Tumor Necrosis Factor α Sensitizes Low Epidermal Growth Factor Receptor (EGFR)-expressing Carcinomas for Anti-EGFR Therapy¹ Free

There is recent evidence in the literature for the interaction of TNF-α³with the EGFR (1). Because TNF-α has been identified as a potential cytokine for inducing apoptosis, its apoptotic effects may be used therapeutically. TNF-α binds to specific cell surface receptors and activates a cell death program as described previously (1, 2). The stimulated TNF-α receptor induces apoptosis through the stimulation of intracellular caspases. In contrast, the inhibition of these proteases (caspases)suppresses TNF-α-induced apoptosis (1). EGFR expression has been strongly increased by TNF-α via the p55 TNF-αreceptor (3, 8). Furthermore, TNF-α improves the vascular permeability of the tumor microvasculature and increases the uptake of immunoglobulins and monoclonal antibodies into the tumor(4). Recent studies (1) revealed evidence that TNF-α reduces EGFR tyrosine phosphorylation by stimulating a protein tyrosine phosphatase. It also has been demonstrated that EGF inhibits TNF-α-induced apoptosis (5). This suggests a sensitizing effect between the blocking of the EGFR and the effects of TNF-α.

It is well known that different malignant tumors overexpress the EGFR or amplify genes encoding the EGFR. In tumors of the head and neck,EGFR gene amplification occurs in 10–20% of squamous cell carcinomas,whereas overexpression of the EGFR occurs in a much higher proportion(6). In mammary carcinomas, gene amplification has been observed only rarely (6).

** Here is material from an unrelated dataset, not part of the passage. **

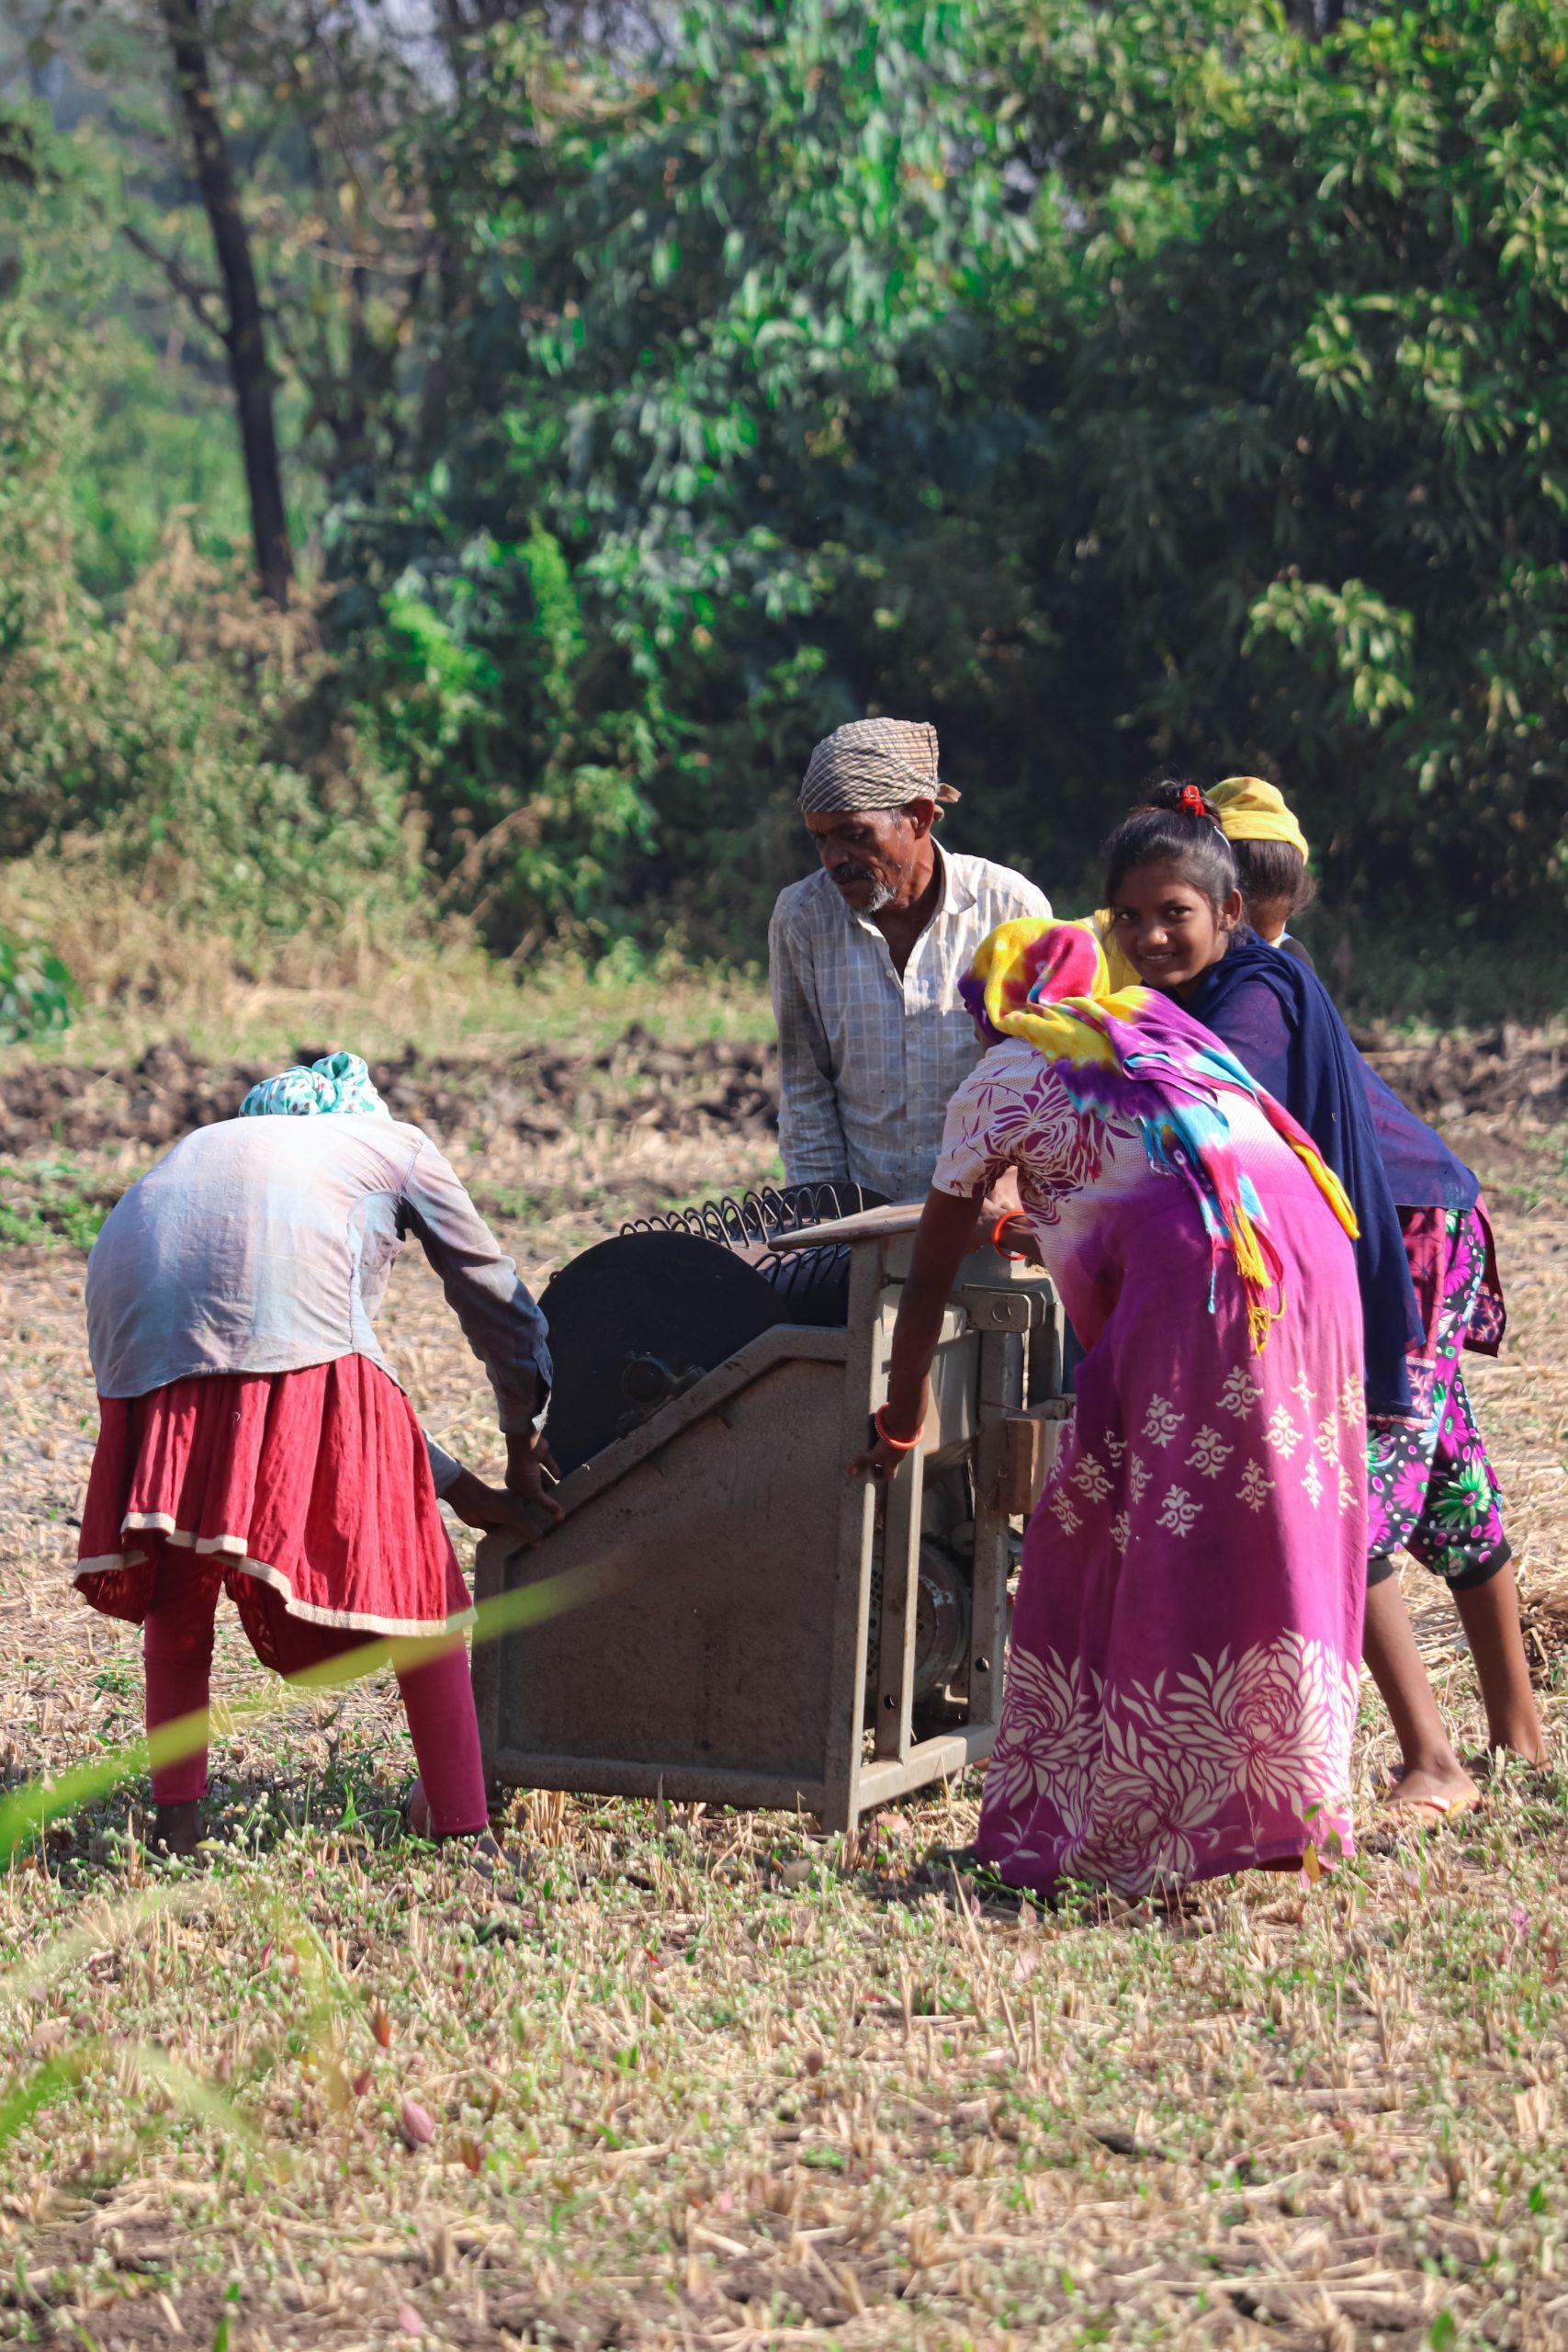 Farmers lifting a machine

Overexpression of the EGFR on cellular surfaces in adenocarcinomas of the mammary gland also occurs rarely (6). There have been a few studies showing that targeting the overexpressed EGFR with monoclonal antibodies leads to a reduction in tumor growth in vivo (2, 7, 8, 9, 10, 11). For strong antitumor activity of the monoclonal antibodies, high expression of the EGFR seems to be required (12, 13).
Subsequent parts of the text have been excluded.